10
Jun 11

Rule of law.

To say the case against NSA whistleblower Thomas Drake just collapsed would imply there was ever a case to be made in the first place.

A bit of backstory, which reads almost exactly like “stop snitching,” from this excellent NYer piece:

When President Barack Obama took office, in 2009, he championed the cause of government transparency, and spoke admiringly of whistle-blowers, whom he described as “often the best source of information about waste, fraud, and abuse in government.” But the Obama Administration has pursued leak prosecutions with a surprising relentlessness. Including the Drake case, it has been using the Espionage Act to press criminal charges in five alleged instances of national-security leaks—more such prosecutions than have occurred in all previous Administrations combined. The Drake case is one of two that Obama’s Justice Department has carried over from the Bush years.

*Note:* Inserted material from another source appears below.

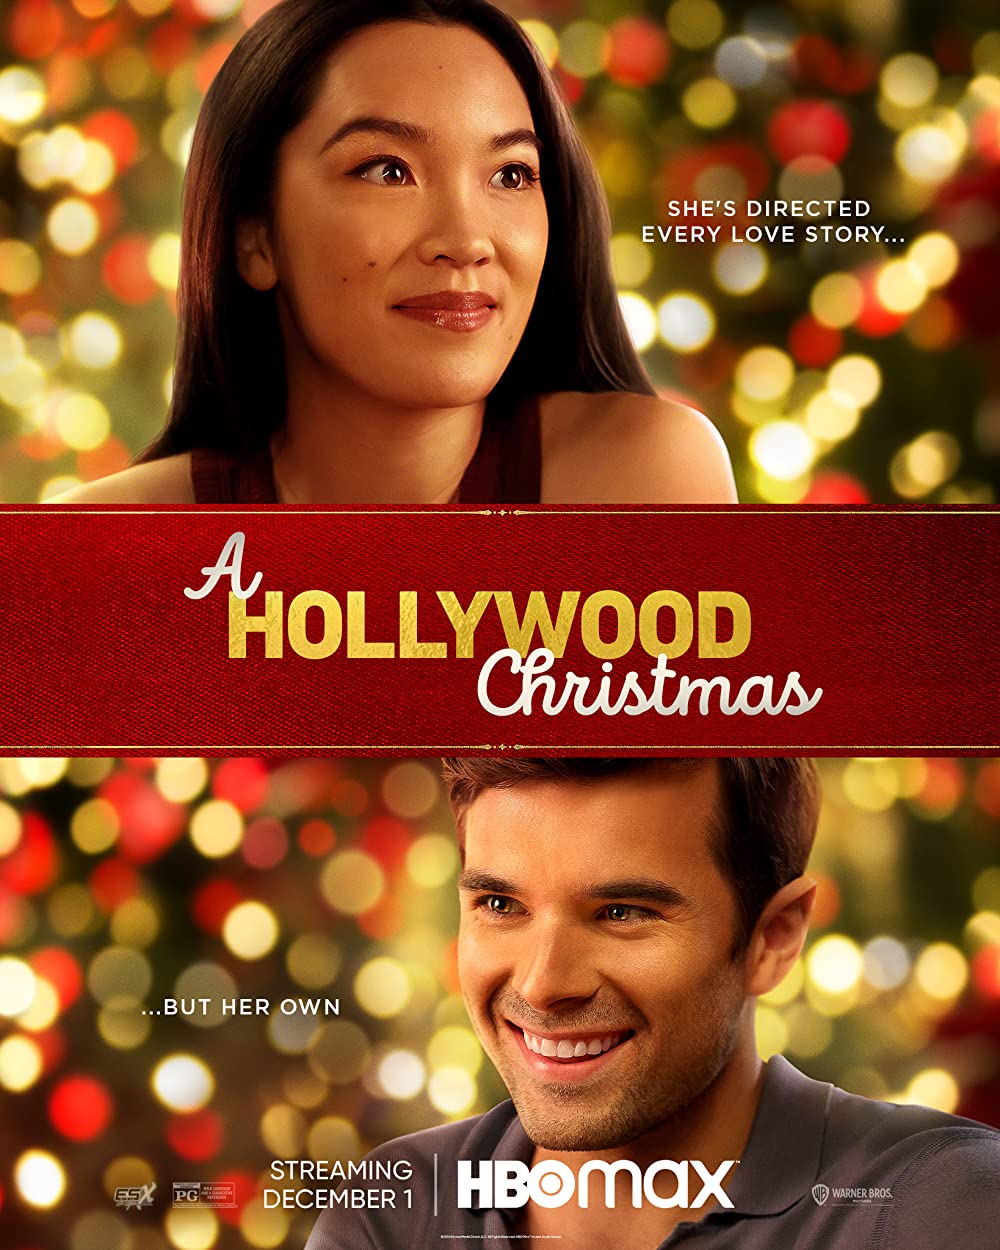 A Hollywood Christmas Parents Guide | A Hollywood Christmas Rating 2022

The whole article reveals the infuriating and chilling1 behavior of the NSA and Obama administration. Drake, for what it’s worth, charitably thinks Obama got rolled by the spooks:

“I actually had hopes for Obama,” he said. He had not only expected the President to roll back the prosecutions launched by the Bush Administration; he had thought that Bush Administration officials would be investigated for overstepping the law in the “war on terror.”

“But power is incredibly destructive,” Drake said. “It’s a weird, pathological thing. I also think the intelligence community coöpted Obama, because he’s rather naïve about national security.”

 

  1. If you recall, the NSA’s illegal activities were apparently sanctioned by the Supreme Court.